The data scientist had left Clemson for her annual trip to Tehran to visit family in Tehran on Jan. 20. By Wednesday, “we started hearing rumors about new executive orders that will change immigration rules for some countries including Iran,” Zinouri said.

“Before I knew it, it was actually happening...No one warned me when I was leaving, no one cared what will happen to my dog or my job or my life there.”

RELATED: Clemson engineering grad taken off plane in Dubai

The Greenville News contributed to this report

USC’s statment to students

As you may know, yesterday President Trump signed an executive order titled “Protecting the Nation from Foreign Terrorist Entry into the United States.” The order suspends entry into the United States by most visa holders from Iraq, Syria, Iran, Sudan, Libya, Somalia, and Yemen.

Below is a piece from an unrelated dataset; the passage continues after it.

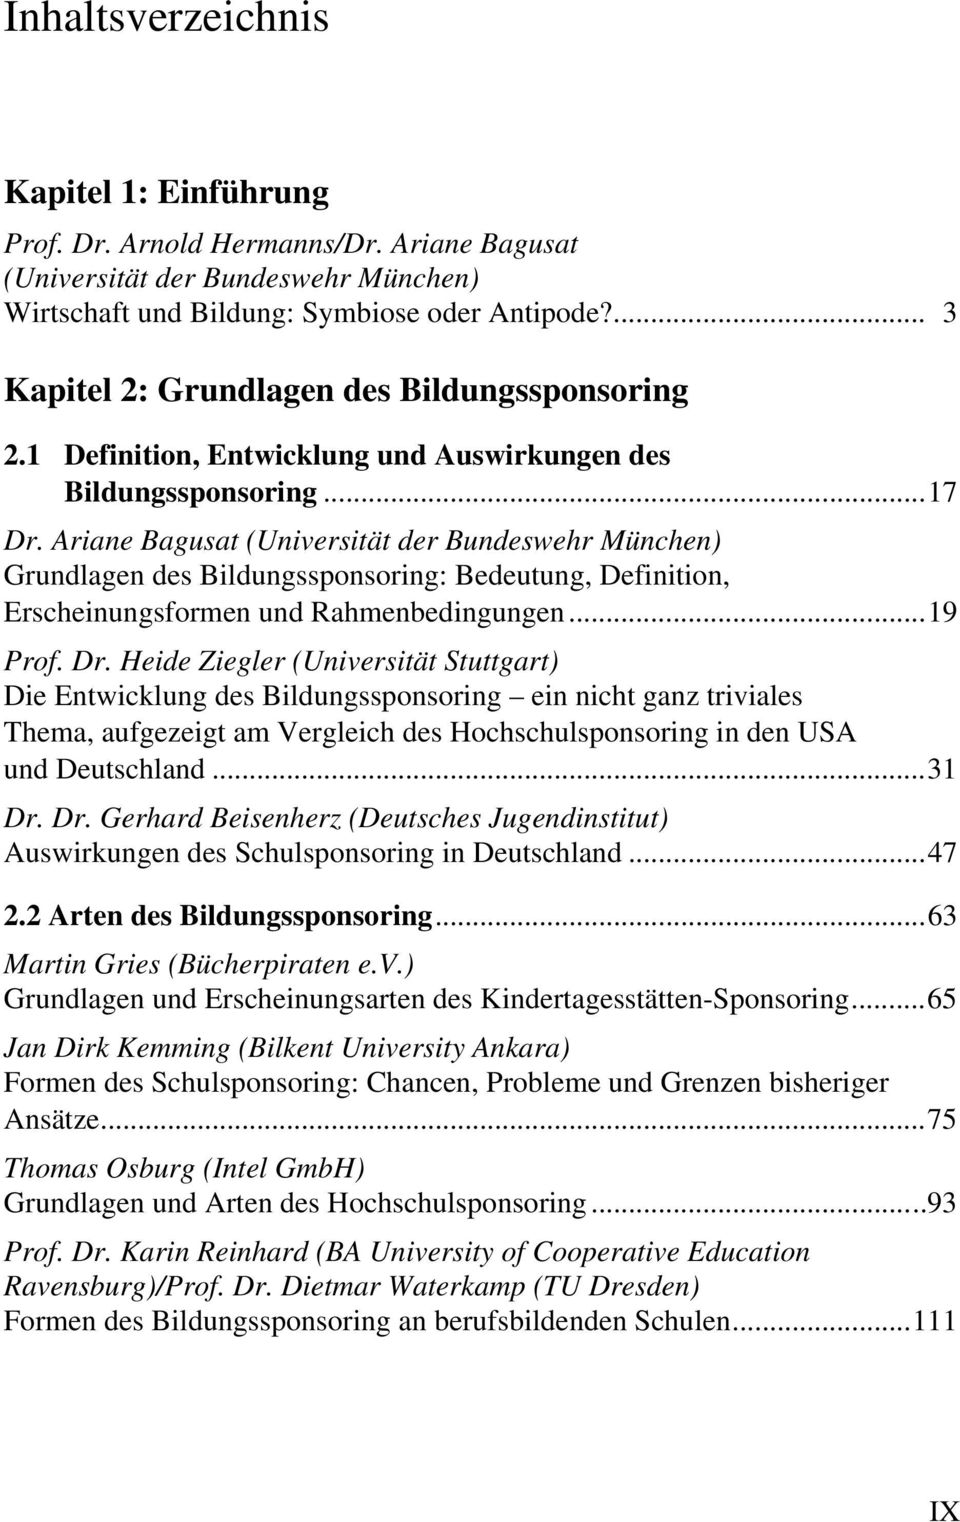 Ariane Bagusat (Universität der Bundeswehr München) Grundlagen des Bildungssponsoring: Bedeutung, Definition, Erscheinungsformen und Rahmenbedingungen...19 Prof. Dr.
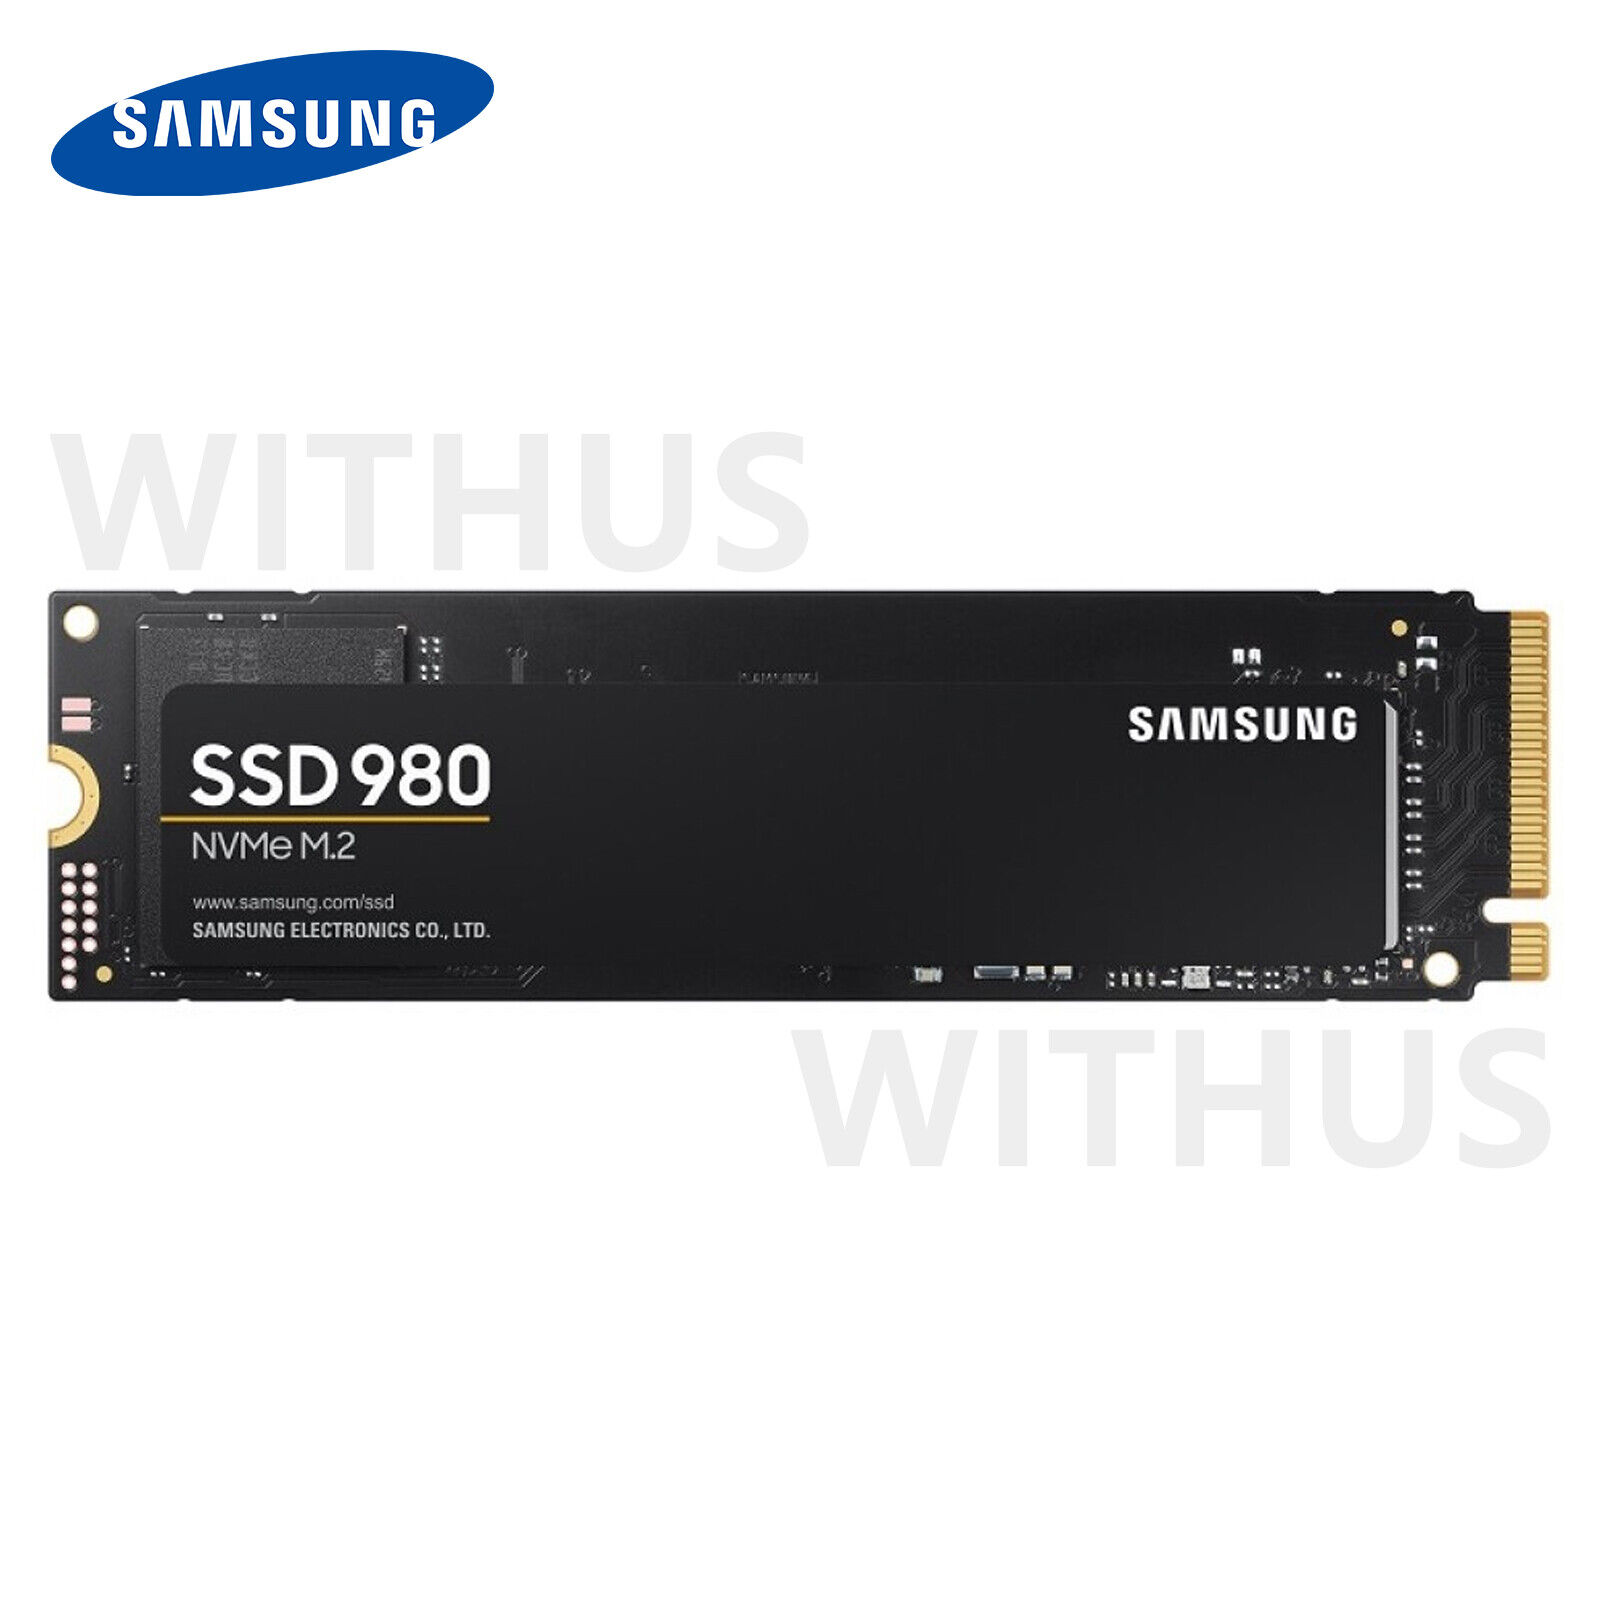 Samsung SSD 980 M.2 NVMe1.4 1TB MZ-V8V1T0BW PCIe 3.0x4 - Fedex Express

We understand that for many of you this executive order may be unsettling and that you may be worried about your future at USC. As the Vice Provost for Global Carolina, I would personally like to assure you that the University of South Carolina remains committed to your safety, security and success regardless of your religion, ethnicity or national origin.

The executive order is aimed at new entries into the United States, those not yet in the country, and we believe nothing in this executive order will compel you to leave before the expiration of your status. However, we would advise you to not leave the country in the short term in case the executive order creates issues with re-entry. We will provide additional information and guidance soon.